さて、先日から薬品の話が続いていますが、
金属を扱う人が、素材・薬品・身体・食品・工具との関係を考えるための知識としての、
「酸性・中性・アルカリ性」を、制作の現場から見てみましょう。
これは、理科で習った「水溶液の性質」です。
そして実は、ジュエリー制作のあらゆる場面に関係する知識でもあります。
酸性・中性・アルカリ性とは?
| 性質 | pH | 身近なもの・薬品の例 | 貴金属加工との関係 |
| 強い酸性 | 低い | 希硫酸・硝酸など | 酸洗い・金属表面の処理 |
| 弱い酸性 | 7より少し低い | 酢・クエン酸など | 洗浄など |
| 中性 | 7 | 純水など | 酸・アルカリの基準 |
| 弱いアルカリ性 | 7より少し高い | 石鹸・重曹水など | 酸性のものを中和するときなど |
| 強いアルカリ性 | 高い | 水酸化ナトリウムなど | 強力な洗浄・処理など |
酸性・中性・アルカリ性は、「危険度」を表す言葉ではなく、物質の性質を表す言葉です。
14段階で表され中性がpH7。強い酸性=pHが低い。強いアルカリ性=pHが高い。
身近なところでは?
ジュエリーは、人の身体、皮膚、汗と接触しますよね。
人の身体にもpHがあります
調べてみると、
血液:約7.4
胃液:かなり酸性
皮膚表面:弱酸性
汗:酸性寄りになることが多いが、条件によって変化する
というように、人間の身体は場所によってpHが違います
ただ、「汗のpHは○○」と一つの数字で断定できず、個人差があり、一般的には弱酸性~中性付近の範囲で変化します。
汗がジュエリーに影響を与えるのはなぜ?
汗などの水分には、塩分などの電解質が含まれています。
そのため、金属と接触することで、金属表面で電気化学的な反応が起こり、金属が少しずつ溶け出して金属イオンになることがあります。

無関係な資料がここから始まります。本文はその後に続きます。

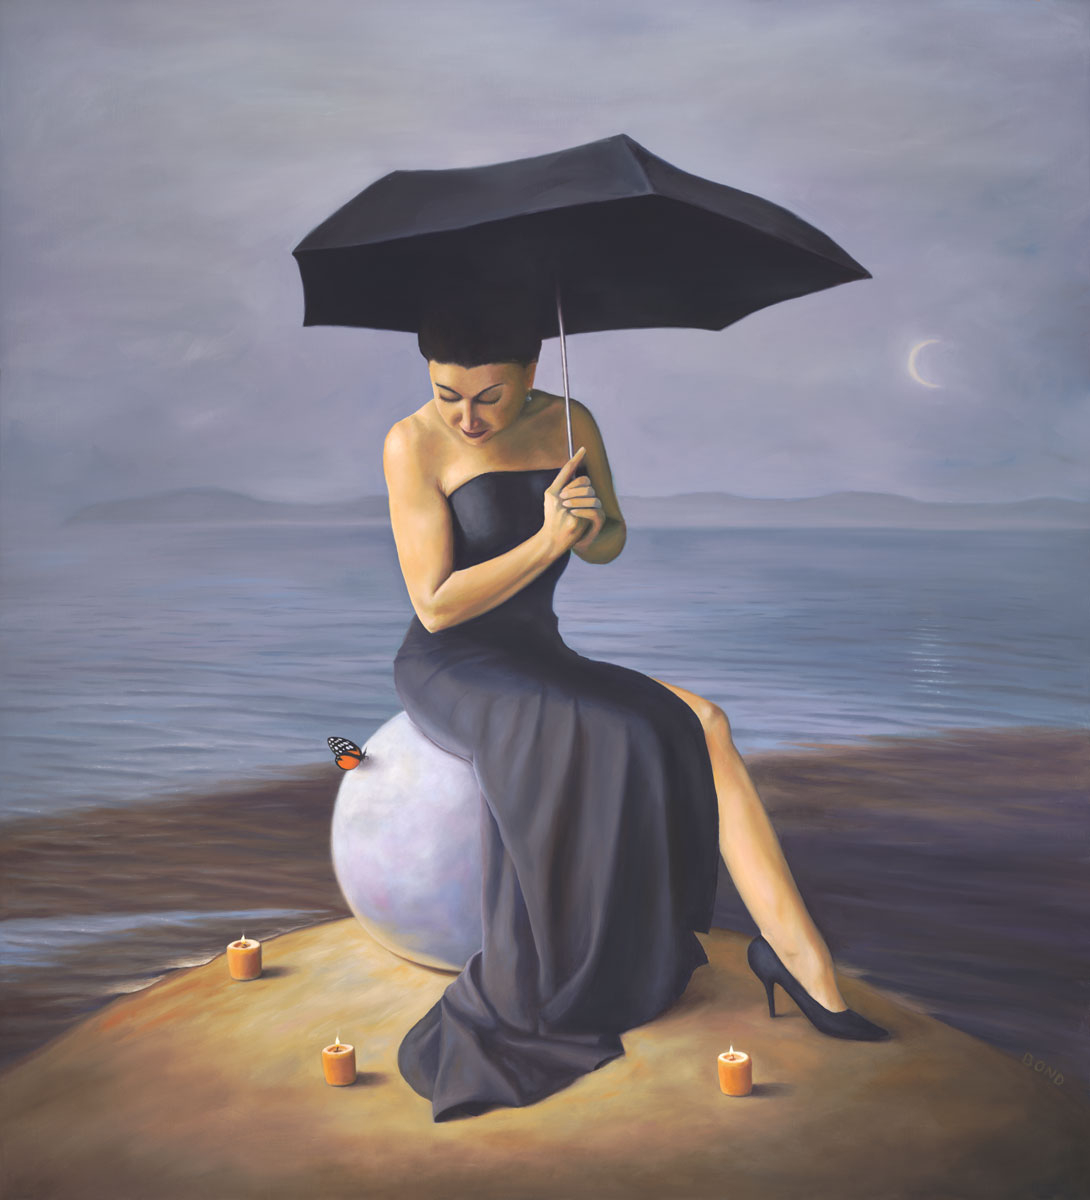 The Luminous Pearl of Her Appointed Plenitude, painting of a woman wearing a black dress sitting on a rock holding an umbrella with candles and a butterfly around her, art about woman dreaming, female figure sitting on a giant pearl, painting with butterflies and  ocean, sea, water, umbrella, black dress, candles, catalina, ceremony, ceremonial, moon, soulful uplifting inspirational art, soul stirring illusion art, romantic art,  surrealism, surreal art, dreamlike imagery, fanciful art, fantasy art, dreamscape visual, metaphysical art, spiritual painting, metaphysical painting, spiritual art, whimsical art, whimsy art, dream art, fantastic realism art, magic realism oil painting by Paul Bond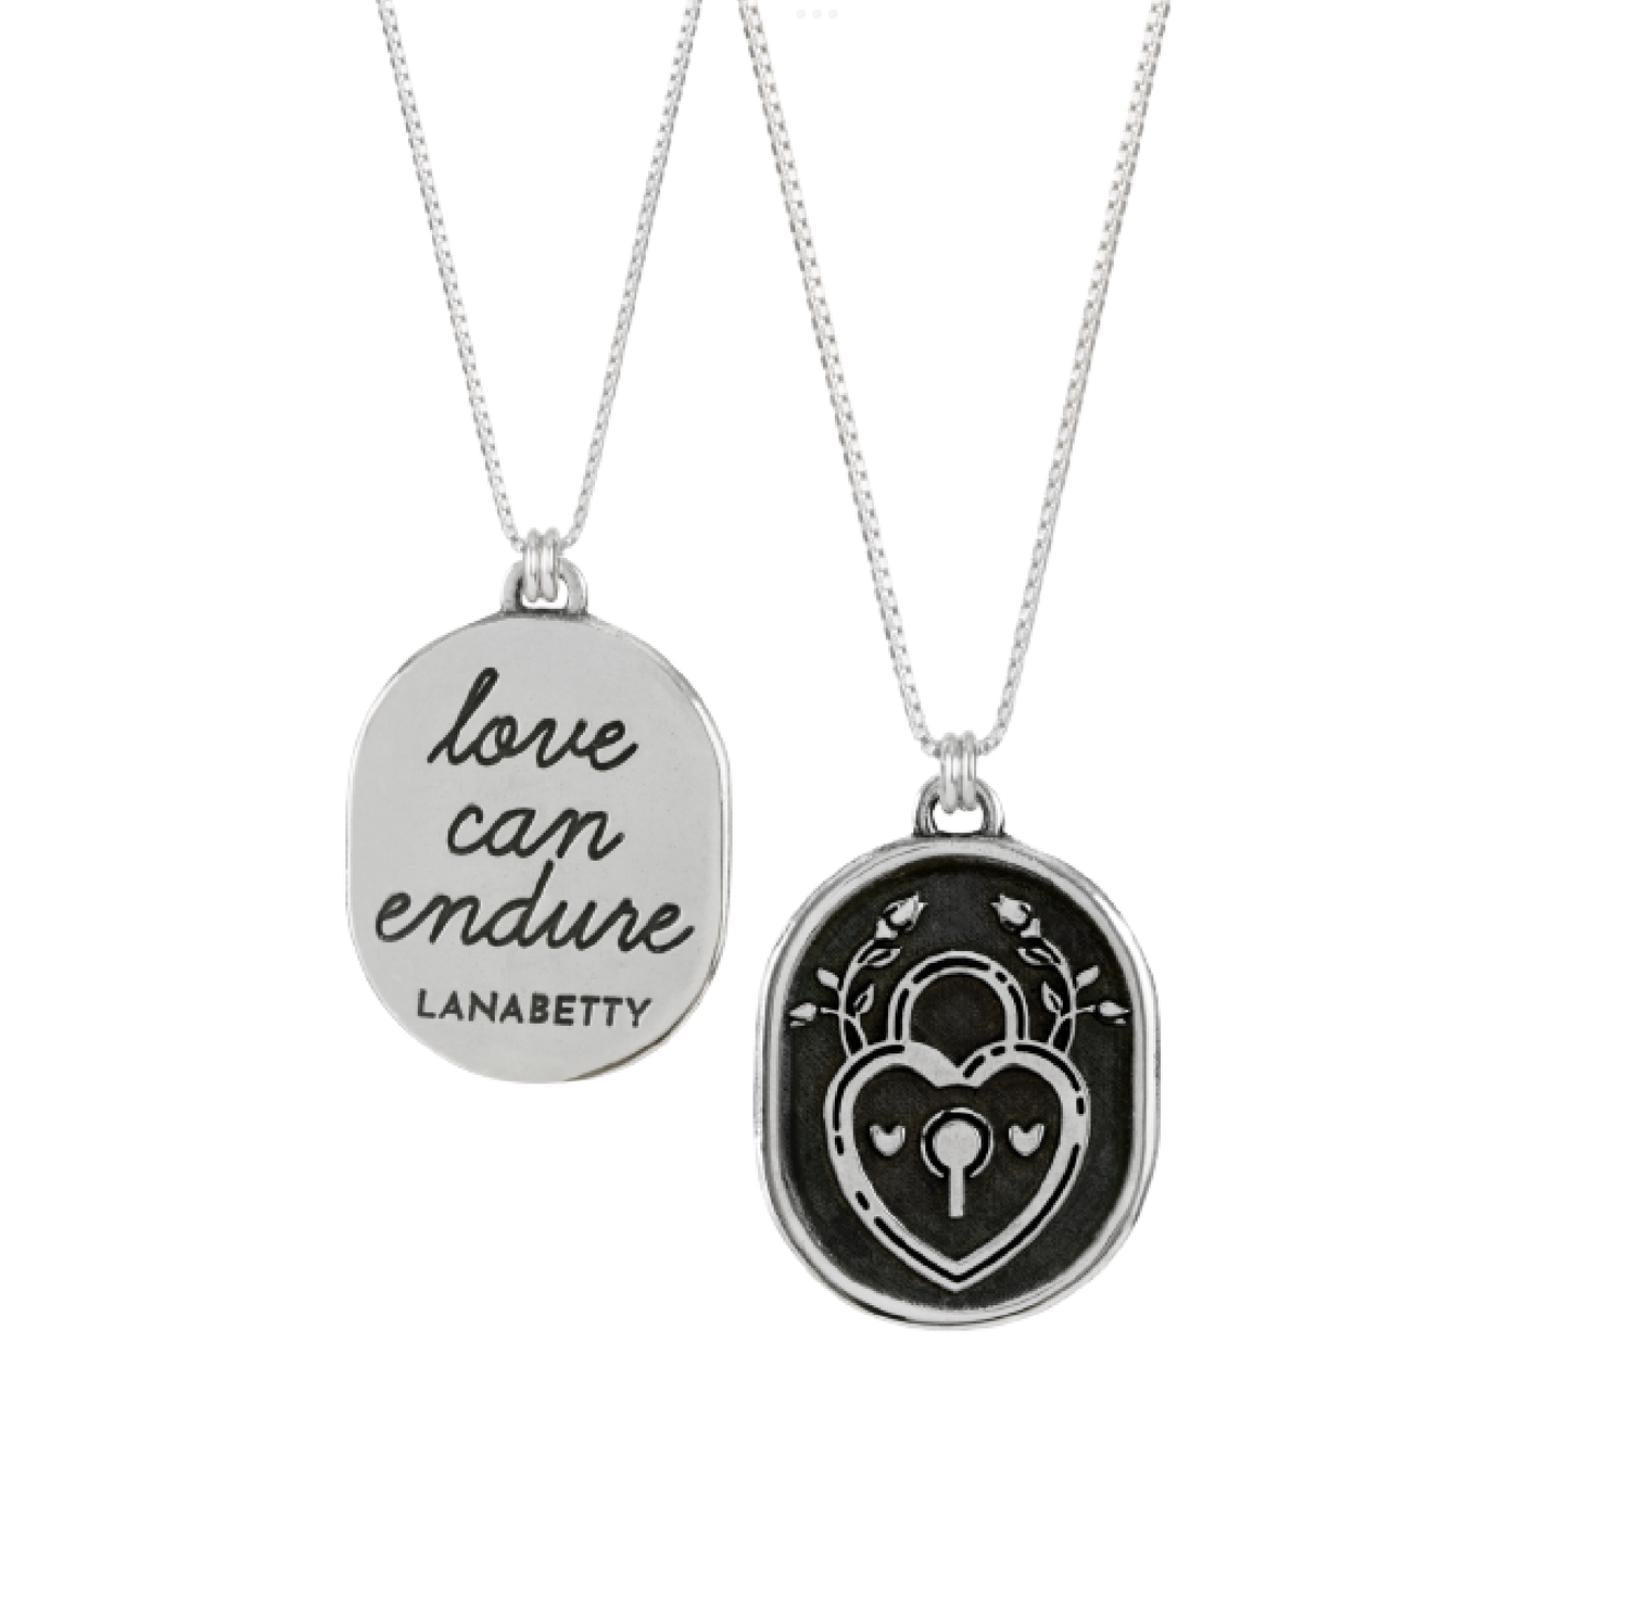 Love Can Endure Sterling Silver Mantra Necklace with 20” chain by Lanabetty

こうした金属イオンが皮膚に触れることが、金属アレルギーに関係する場合もあります。
ただし、汗をかいたから必ず金属アレルギーになる、ということではありません。金属の種類や合金、接触する時間、皮膚の状態など、さまざまな条件が関係します。
また、宝石の中でも真珠は汗に弱いというのは、結構有名な話ですが、多孔質・有機質(トルコ石やサンゴなど)も、影響されやすい宝石です。
他にも気を付けるものがあります
食べ物・飲み物、洗剤や化粧品など、様々なものにこの性質があり、ジュエリーに影響を与えます。しかし、きちんとお手入れをすることで影響を最小限に押さえることが出来ますし、何が何でも触れてはいけないという事ではありませんので、神経質に制限し過ぎないようにしましょう。
「金属 × 液体 × 時間」で考えてみる
同じ金属でも、乾いた状態で触れるのと、
汗や薬品などの水分がある状態で長時間触れるのでは、状況が変わります。
ちょっと専門的に考えると、
酸性・アルカリ性
+ 水分
+ 電解質
+ 金属
+ 時間
が組み合わさると、金属の種類や条件によっては、腐食や金属イオンの溶出などが起こりやすくなります。
だから「酸性だから悪い」「アルカリ性だから悪い」ではなく、
どんな物質が、どんな金属に、どのような条件で接触するのかか関わっています。
食事に行った、飲みに行った。
その時にお酒をこぼしてしまった。
あるいは醤油がついた。などなど、日常にはいろいろなことが起こります。
知っていれば、ちょっと席を立って洗いに行ったり、対処することが出来ますね。
「金属と薬品の相性」だけではなく、「金属と工具の相性」もあります
酸洗いの時に、鉄のピンセットごと銀の作品を希硫酸にいれると、銀はピンクになります。
からげ線もそうです。
これは、「希硫酸」の項目の時にも書きましたね。
「希硫酸」ってなに?(月曜定期便83)
ジュエリー制作は、デザインや加工技術だけでなく、素材の性質を知ることも大切です。
「これはなぜ変色したんだろう?」
「なぜこの工具を使ってはいけないんだろう?」
「なぜ汗で変化するんだろう?」
そんな「なぜ?」の中には、理科で習ったことがたくさん隠れています。